From its perch, the corncrake surveys its surroundings. If you asked it why it had flown in through the window, and if it was somehow capable of responding in an approximation of human speech so that you understood its reply, it is likely that the corncrake would have absolutely no idea what impelled it. Who knows why birds do what they do? Not even the birds themselves know, for their brains are tiny. Rather than using reason, birds follow the dictates of instinct, what you or I would call “gut feelings”. All we are able to say is that, on this occasion, the corncrake saw the open window and took the opportunity to fly into your bedroom, probably in the hope of finding something to eat. Fortunately, densely-woven wool does not feature as part of a corncrake’s regular diet.

So while the bird rests from the exertions of its flight, perched on your head, it trains its two black fathomless savage inhuman eyes upon your bedroom. It takes in the frieze of martyred saints above the dado rail, the wainscot, the wardrobe, the chest of drawers, the rug and the unseemly stains. It takes in the clutter atop the bedside cabinet, the glass of water, the folded spectacles, the scrunched tissue, the anglepoise lamp, the stray button, the biro, the pins, the bowl, the dust, the cardboard carton of pills, the alarm clock, the other button, the little jars, the littler bottles, the nameless thingummy, the biscuit crumbs, the snuffbox, the coinage, the pipe-cleaners, the mud idol, the cotton wool, the toffee apple wrapper, the handkerchief, the string, the puppet, the putty, the duster, the rag, the bus ticket, the scrap of paper, the pocket Bible, the rosary beads, the taffy tin, the bonbon, the monkey snapshot in its frame, the atomiser, the shopping list, the rubber band, the drawing pin, the plaster Madonna and Child statuette, the sophisticated cocktail party invitation, the chewing gum, the gloves, the telephone. Were it a magpie or a jackdaw, rather than a corncrake, it might swoop and snatch up in its beak one of the smaller items on the top of the cabinet and fly out through the window and away, to deposit the stolen gewgaw in its nest. In folk tales and legends, magpies and jackdaws often appear as thieves, the bird equivalents of opportunistic pickpockets, and this characterisation has some basis in brute avian fact. Not so the corncrake, which is not thought of as a pillaging bird. So while it gazes upon the clutter, it remains still, perched upon your sleeping head, and swoops not to snatch booty in its beak.

Stille Nacht. It would be hard to imagine a night more still, more silent than this one. The Von Straubenzee method ensures you make no stentorian snoring noise.
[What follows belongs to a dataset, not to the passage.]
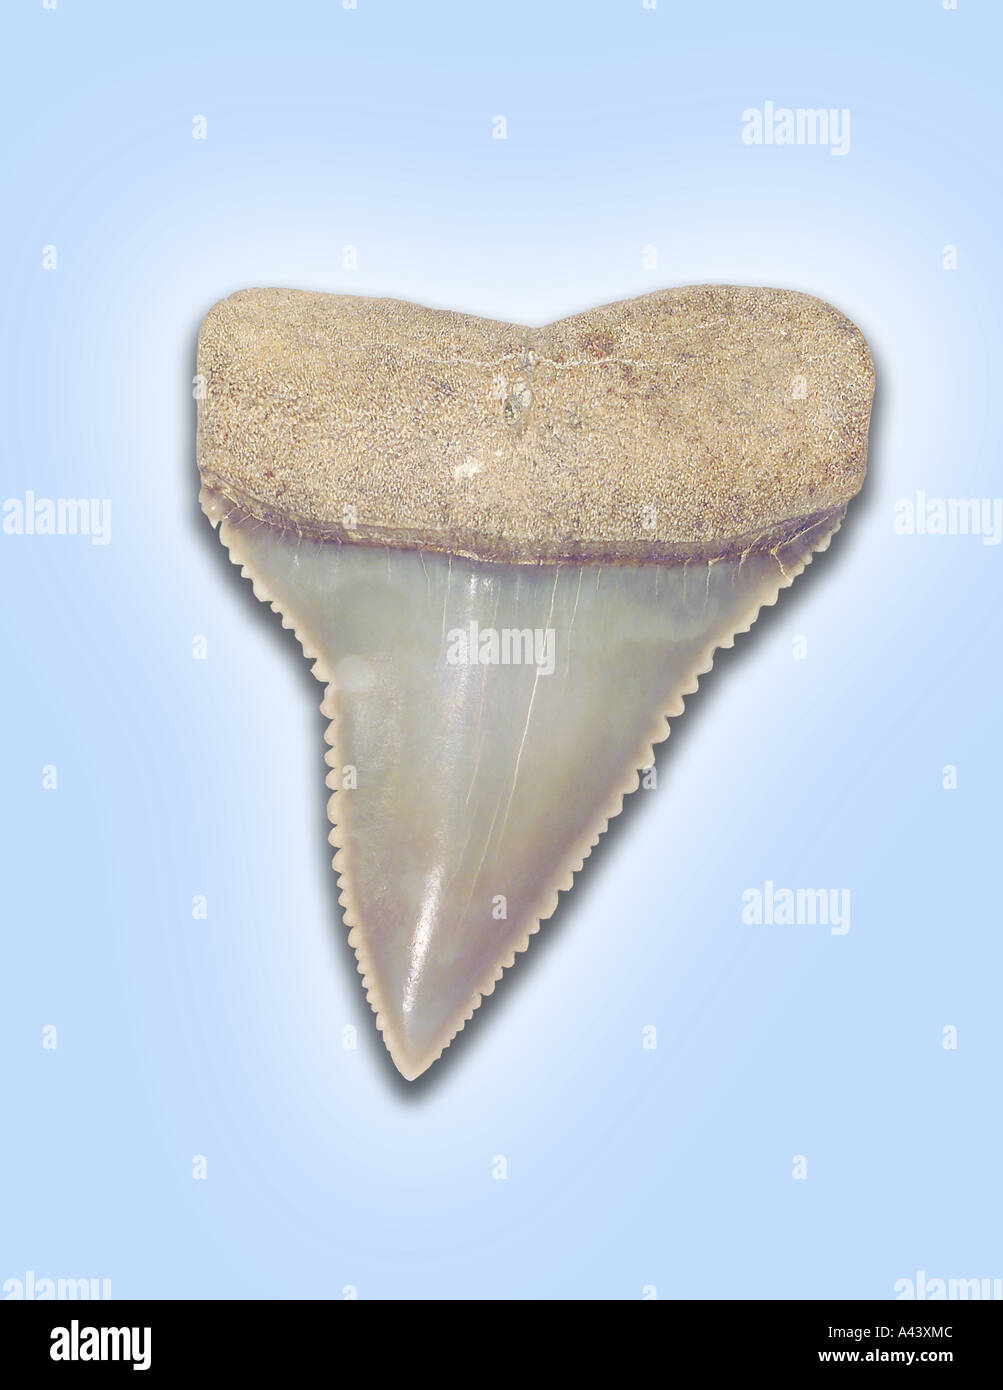 Fossil Peruvian Great White Shark Tooth Stock Photo - Alamy

The sound of your breathing is almost imperceptible, muffled by the sleep helmet. The corncrake’s breathing is equally quiet. Nothing stirs in your bedroom, and from outside, through the open window, there is not even a breath of wind. It is as if the planet has fallen asleep with you.
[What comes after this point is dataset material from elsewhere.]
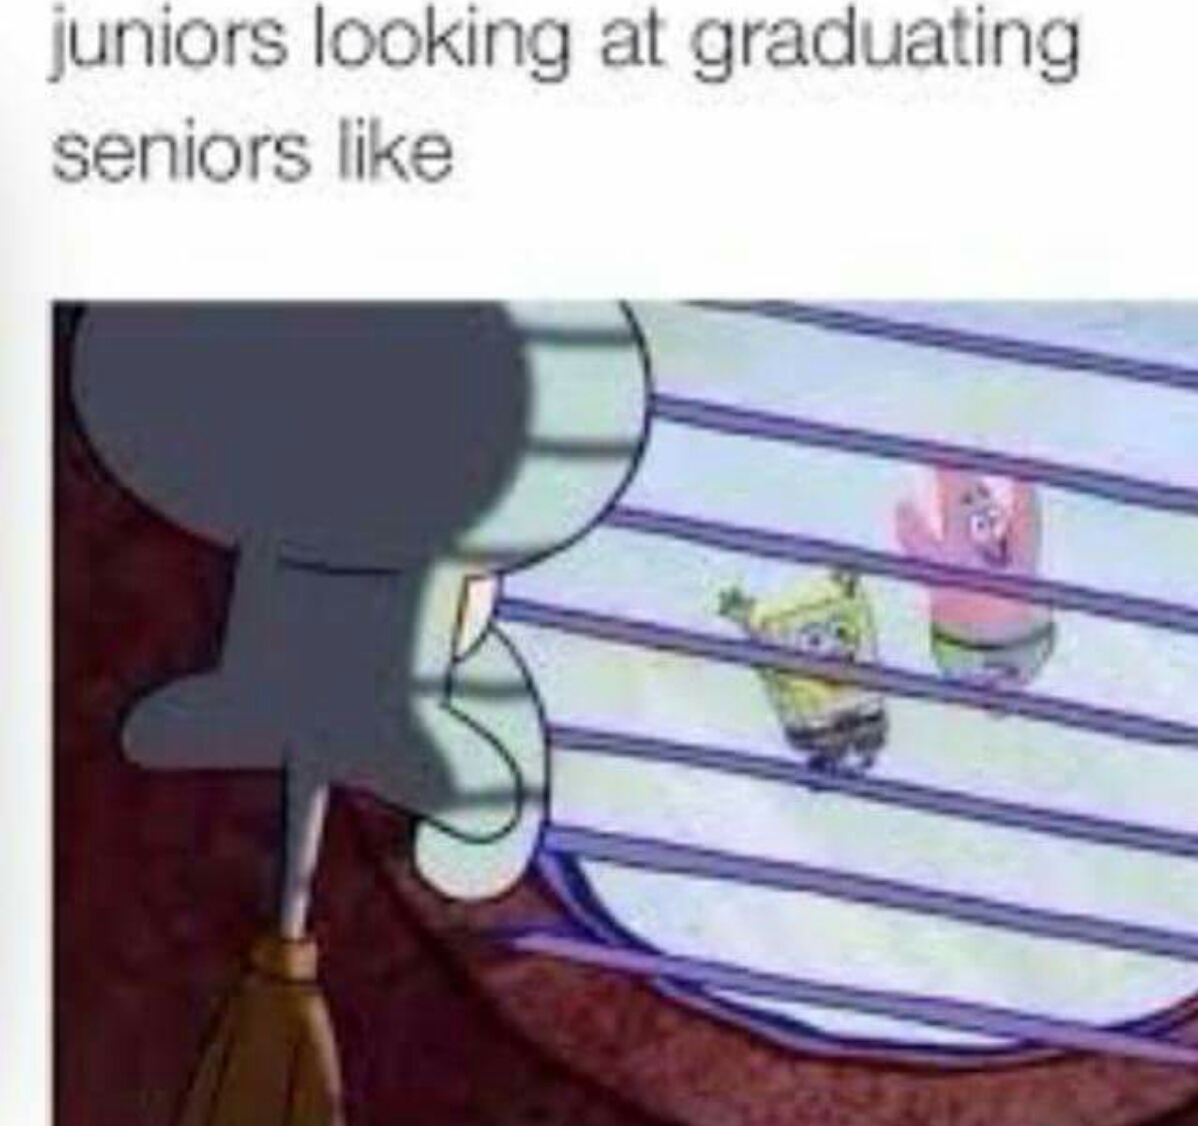 Just one more year

I have said that we can have no idea what prompts a bird to do what it does. So I can offer no logical, reasoned explanation for the sudden loud jarring raucous cry of the corncrake on your head. It makes its harsh caw twice, then lifts off, and flies away out of the window. The effect on you is instantaneous and awful. You waken, alarmed, indeed panic-stricken, as if prodded with a burning hot pointy stick. You do not see the corncrake fly away, so you cannot account for the horror by which you are convulsed. Trembling, you clamber out of bed and shuffle to your toilet to piddle, a piddle occasioned by fear. Such is the raucous and alarming call of the corncrake.